Required action.
From the first line to the last, repeat the data exactly but leave out the pictures.
-------- Information shown --------
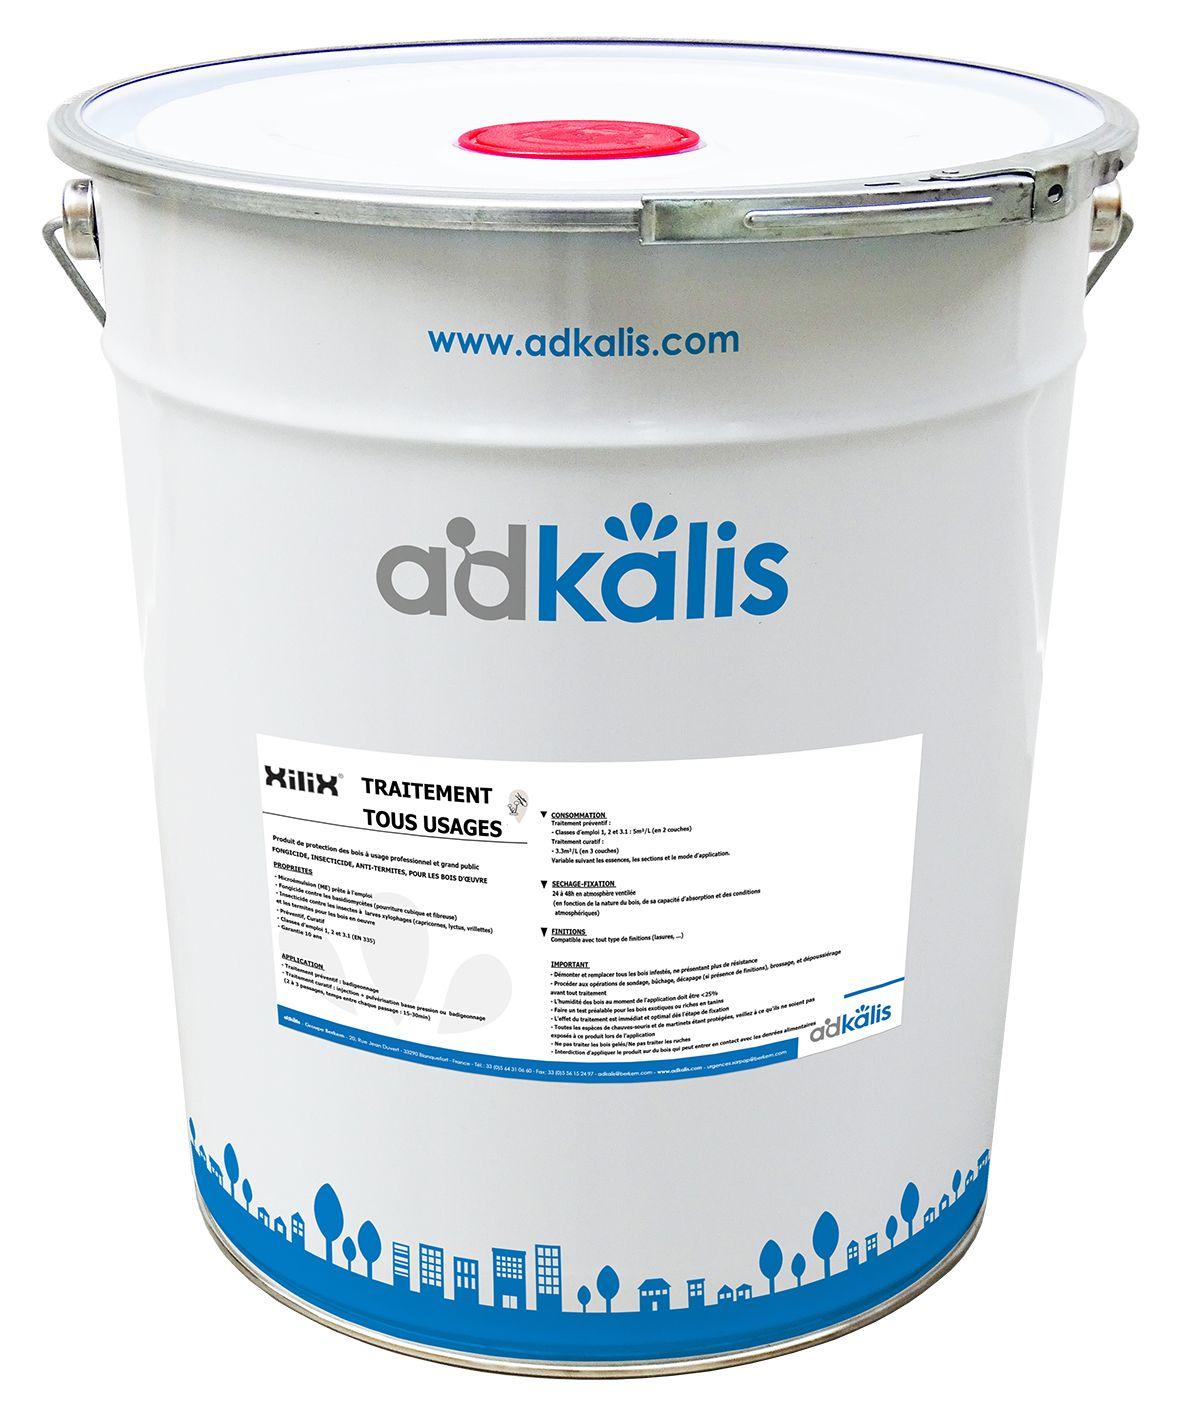 xilix-traitement-tout-usage-insecticide
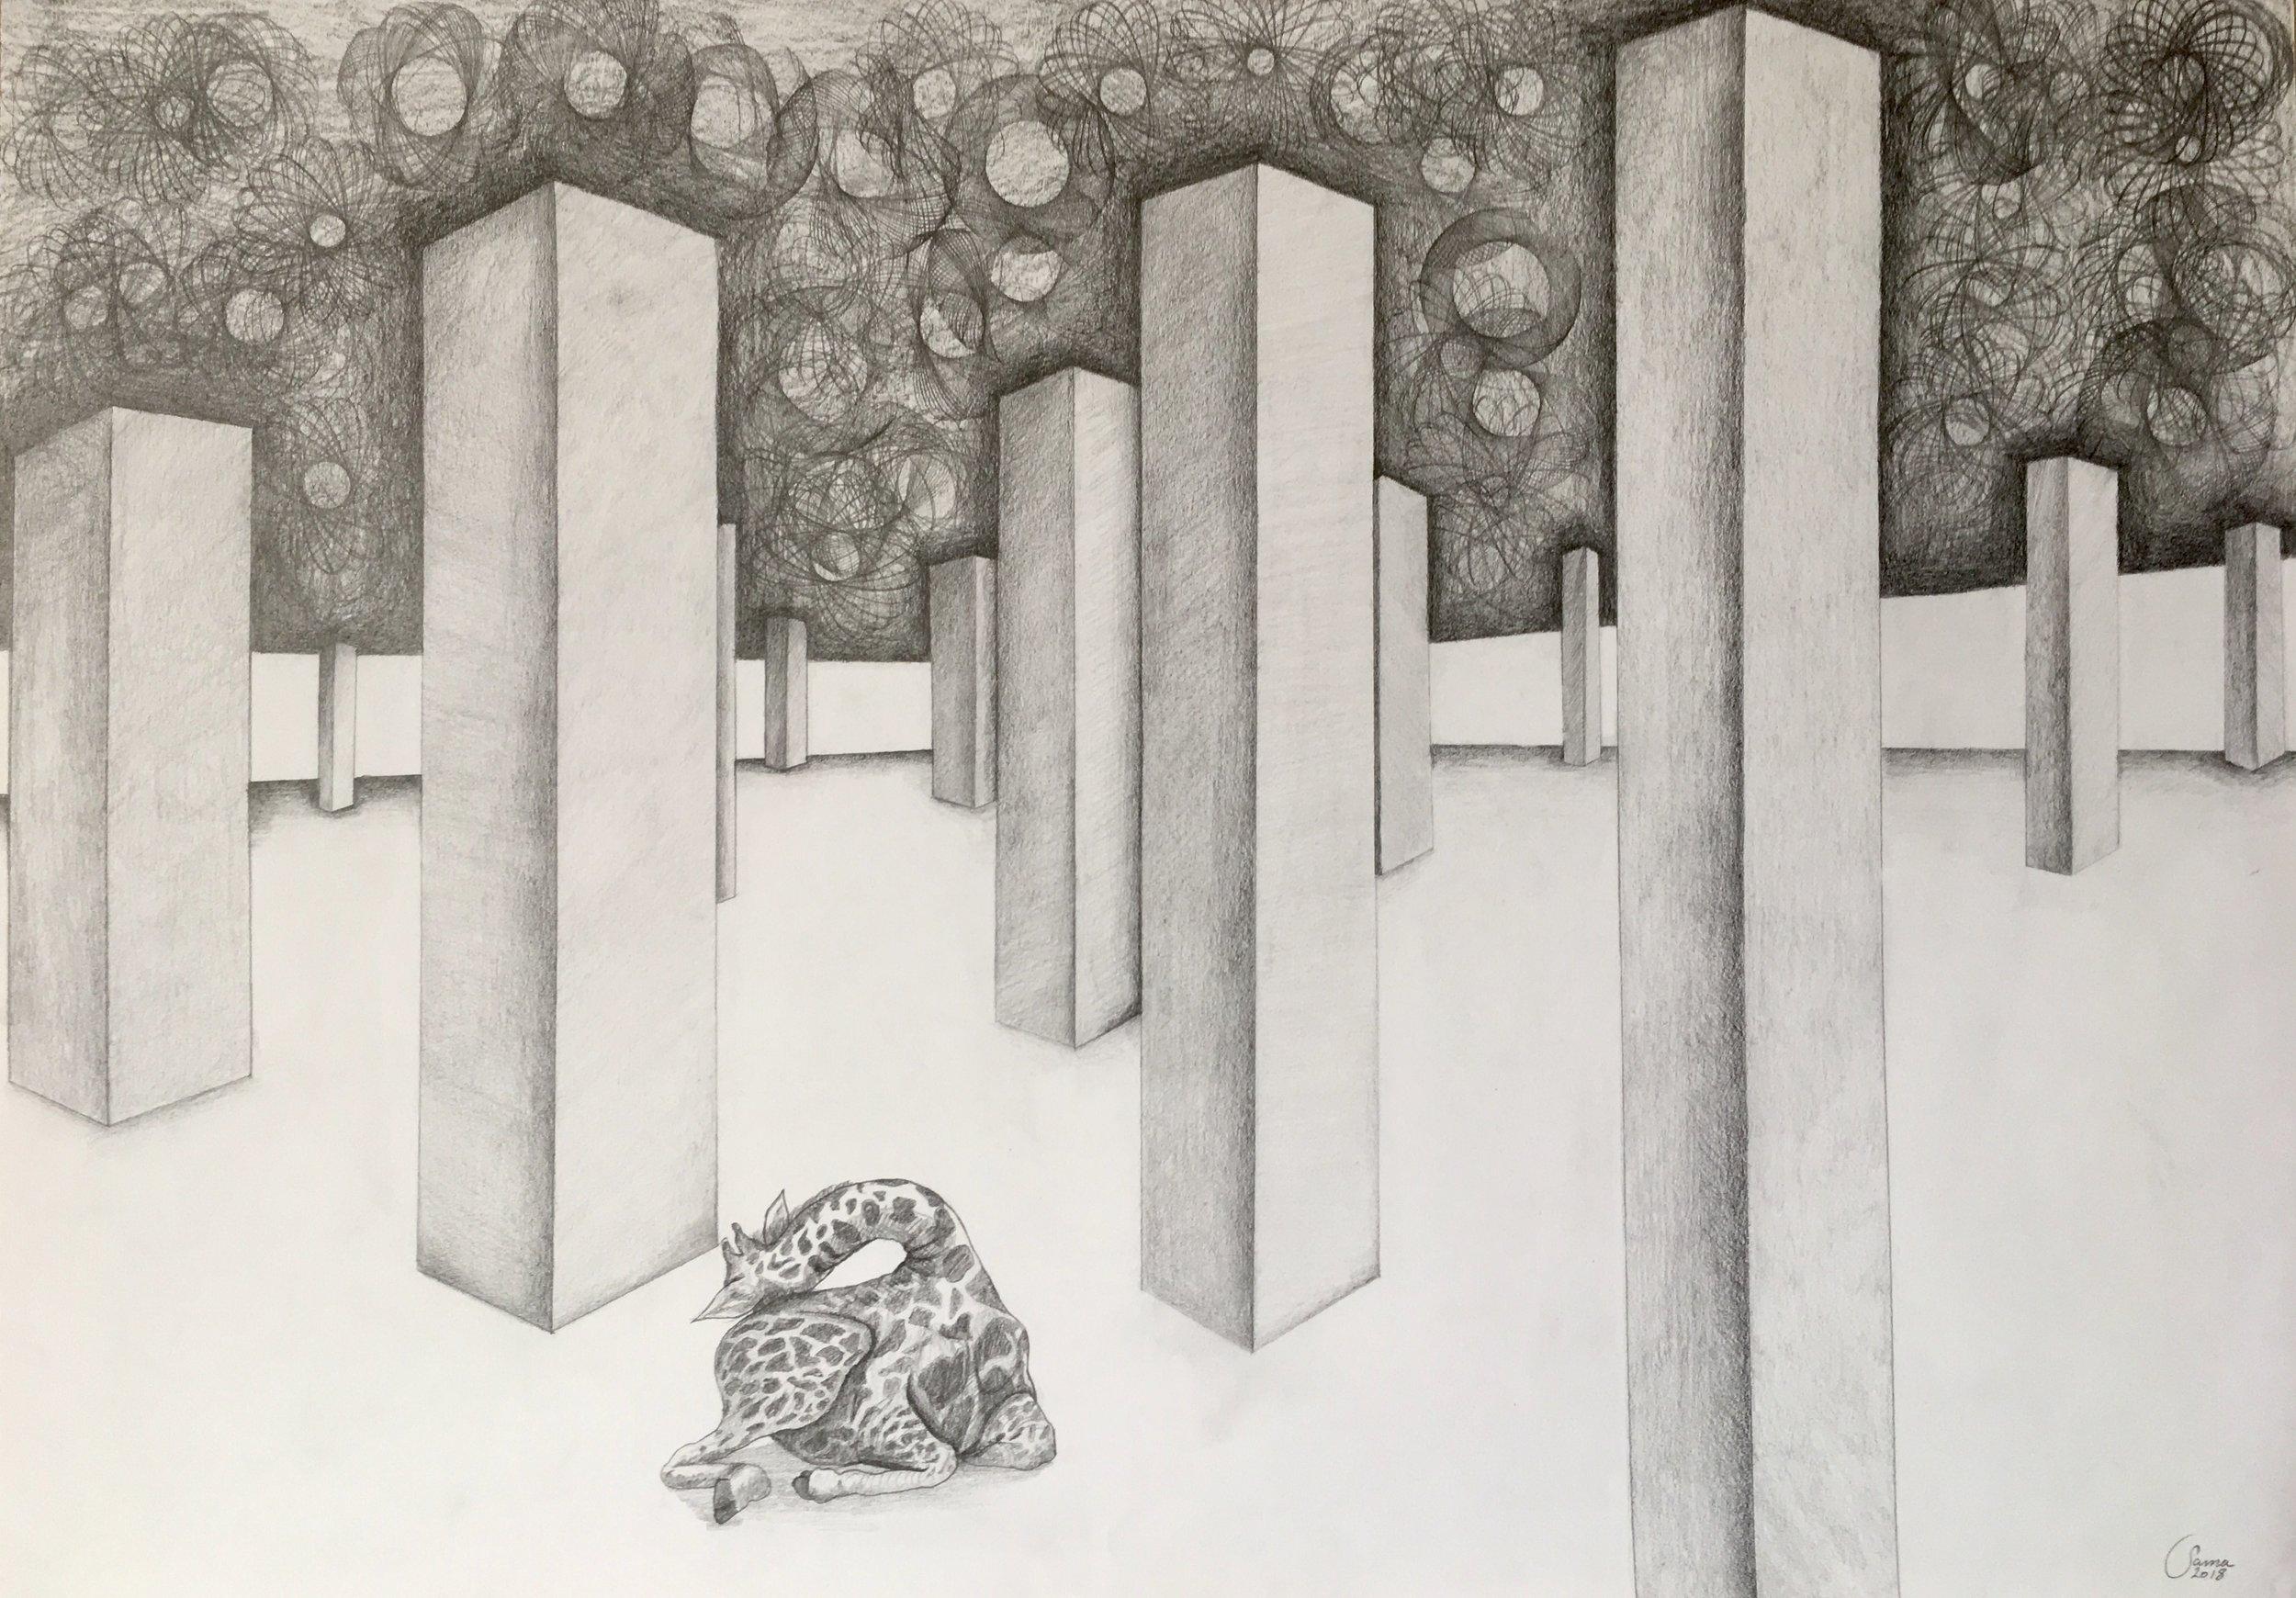 Giraffe Parking Lot, pencil on paper, 42 x 59 cm, 2018
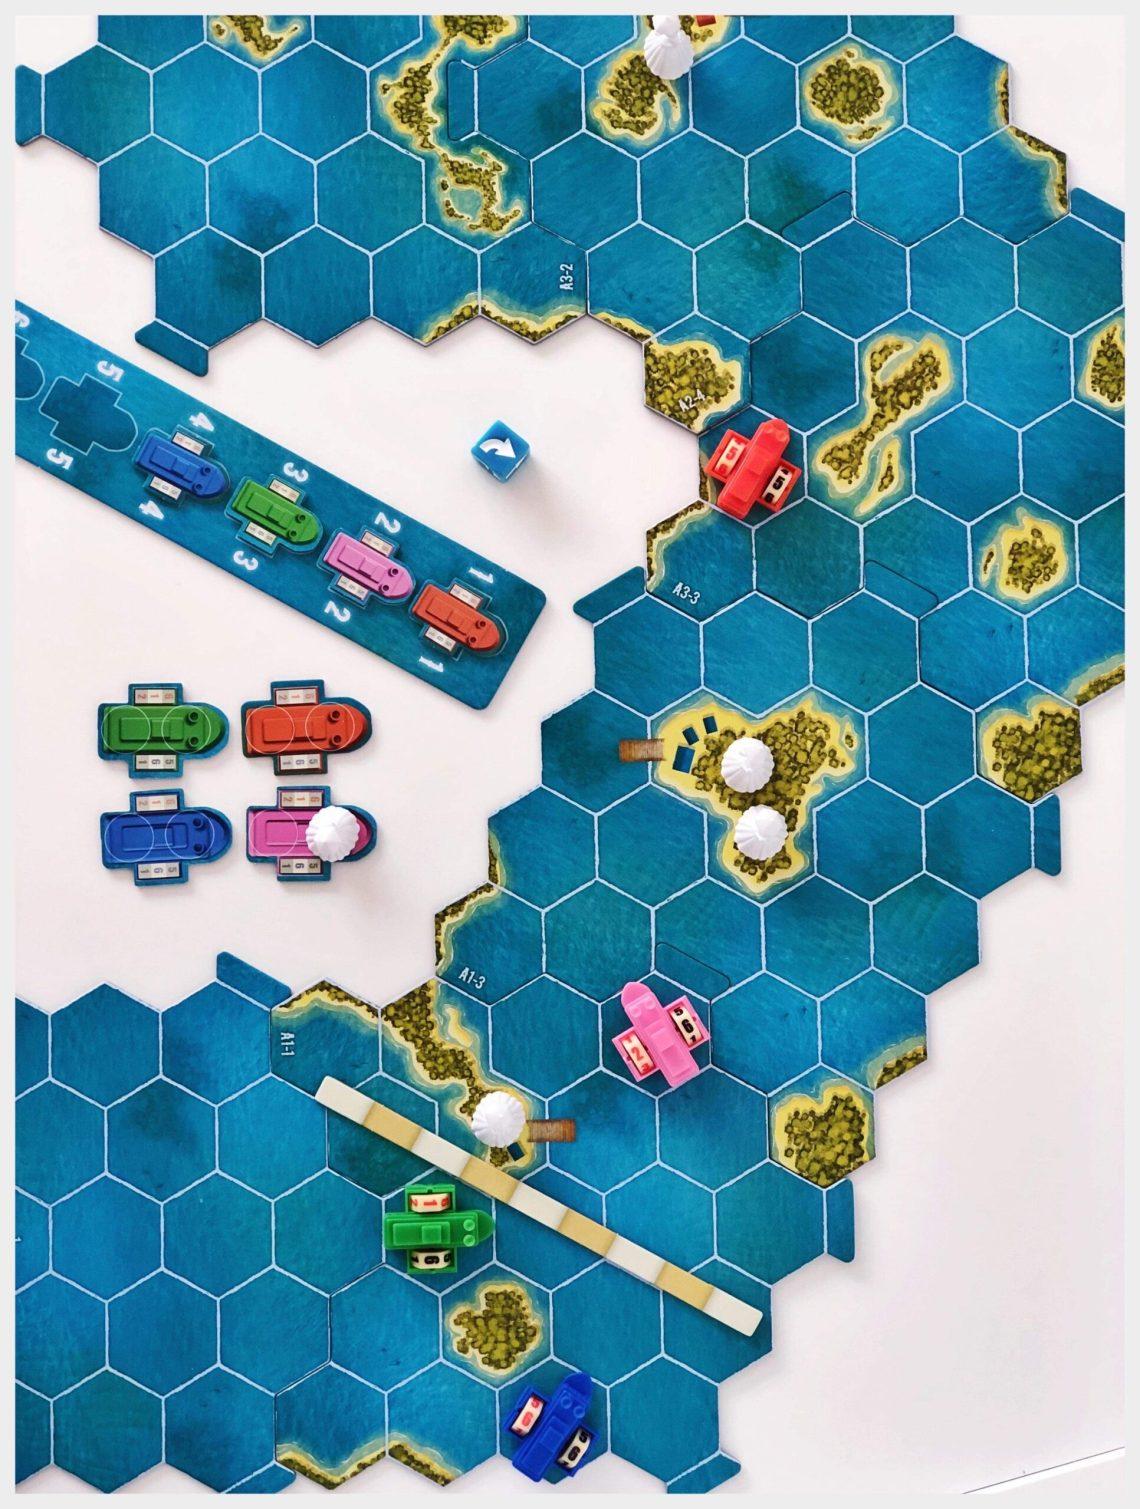 Mississippi Queen - Gameplay
--------
Your solution.
 xilix-traitement-tout-usage-insecticide
 Giraffe Parking Lot, pencil on paper, 42 x 59 cm, 2018
 Mississippi Queen - Gameplay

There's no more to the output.